В роте была корова, - отсюда и молоко - лошадь и свиньи. Корова была обычной породы, а вот лошадка была низкорослая, лохматая, типа монгольской породы, в ней было что-то от лошади Пржевальского, которую я видел на картинках. Её особенностью была рысь, тихим шагом не ходила, и её обязательно надо было сдерживать вожжами, когда она бежала вниз к Енисею, иначе перейдёт в галоп.
К нам прибыл с нового призыва из Каракалпакии (Узбекистан) Атахан, - у них каждый второй хан - ни слова не понимающий по-русски, и его в первый же день назначили дневальным.

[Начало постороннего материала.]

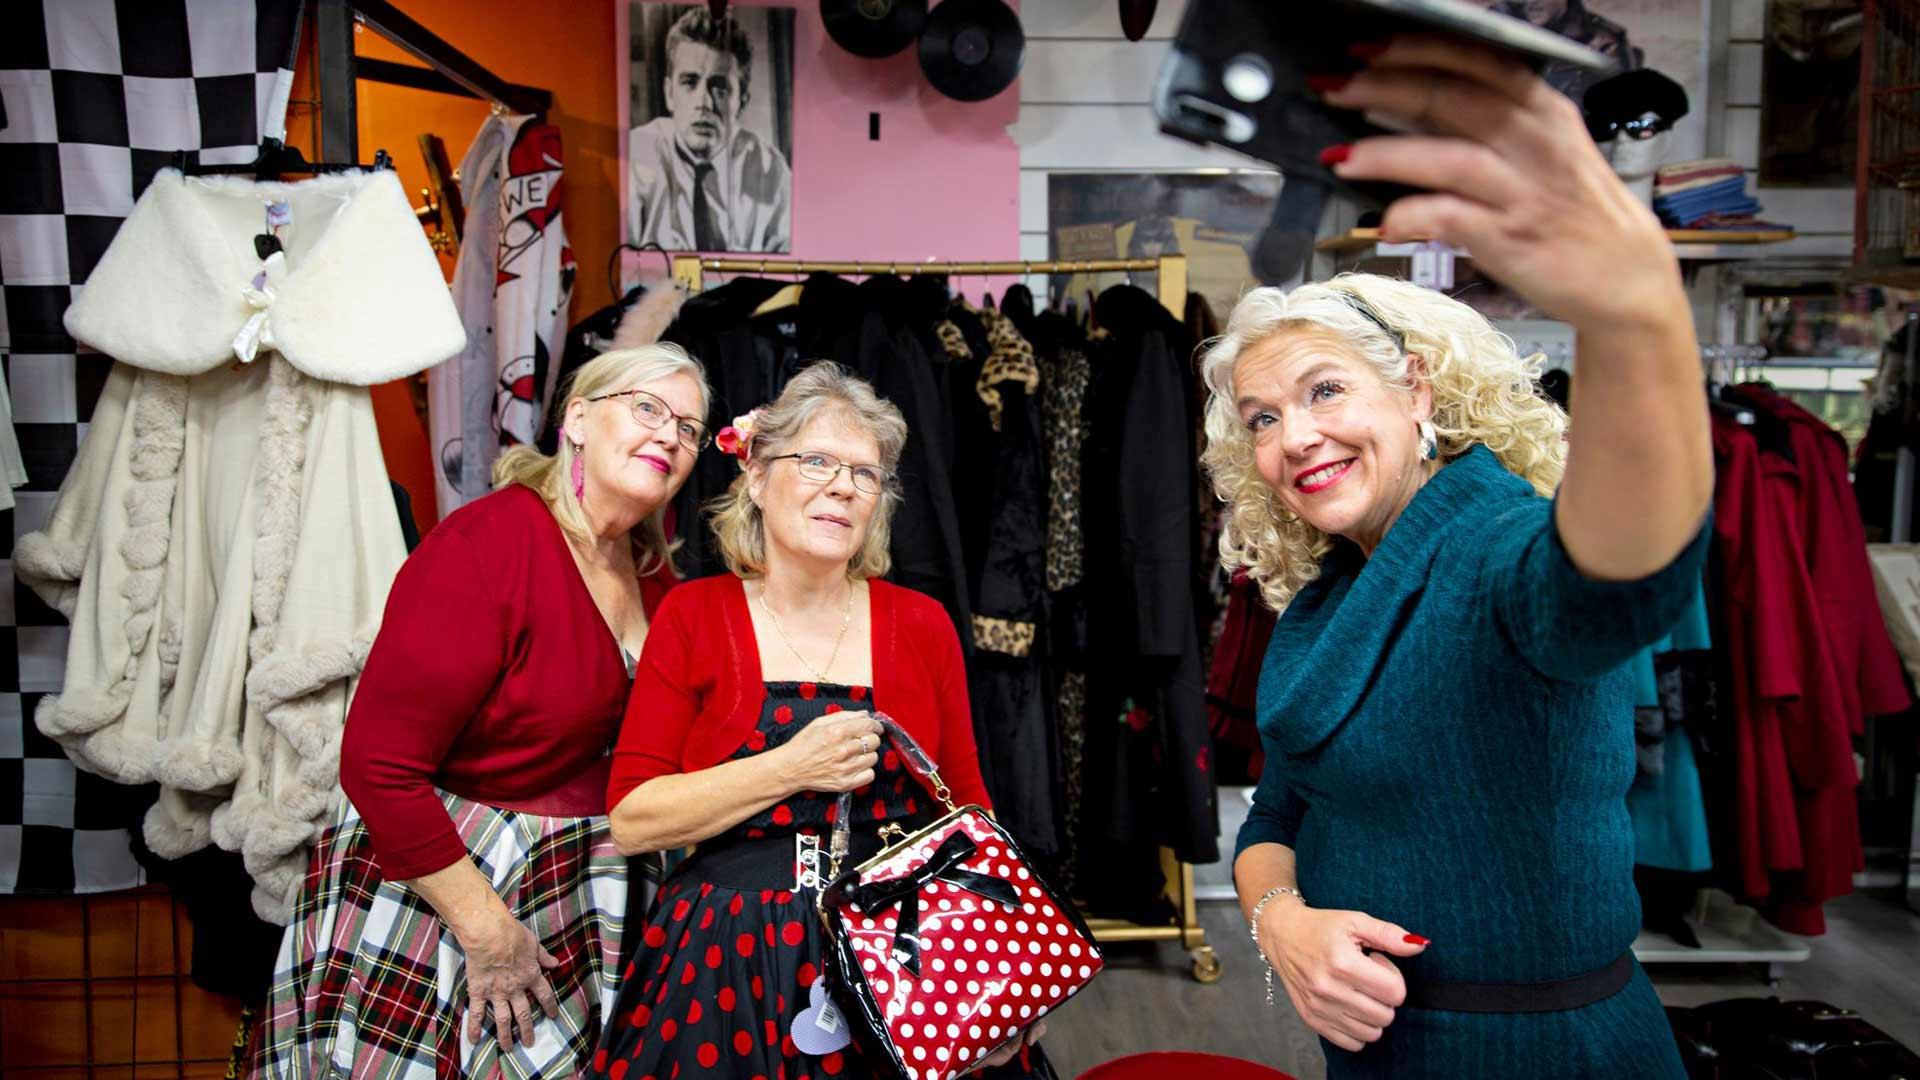 Anita tykkää etsiä asiakkaille heidän näköisiään vaatteita ja rohkaista heitä värien käyttöön. Kaiken päällä olevan ei tarvitse olla mustaa tunikaa.

Если в дневное время у дневального была работа по указанию дежурного по роте, сержанта, или старшины, то в ночь он должен был бодрствовать в казарме. Отбой, и раздался звонок телефона. Атахан поднял трубку, звонили с ПУ. Атахан никак не мог понять: что его спрашивают. Он только повторял в трубку: «Булыгин на п у, на п у булыгин»? Булыгин – это радист, видимо его вызывали подменить радиста Дунина, или началась боевая работа. Прибежал с ПУ планшетист и разбудил Булыгина.
Атахана направили на хозяйство: ухаживать за животными, кормить свиней, возить воду на лошадке, и т.д. Через пару дней он ругался матом не хуже любого русского, и вскоре научился говорить по-нашему. Так, началась моя служба в новых условиях.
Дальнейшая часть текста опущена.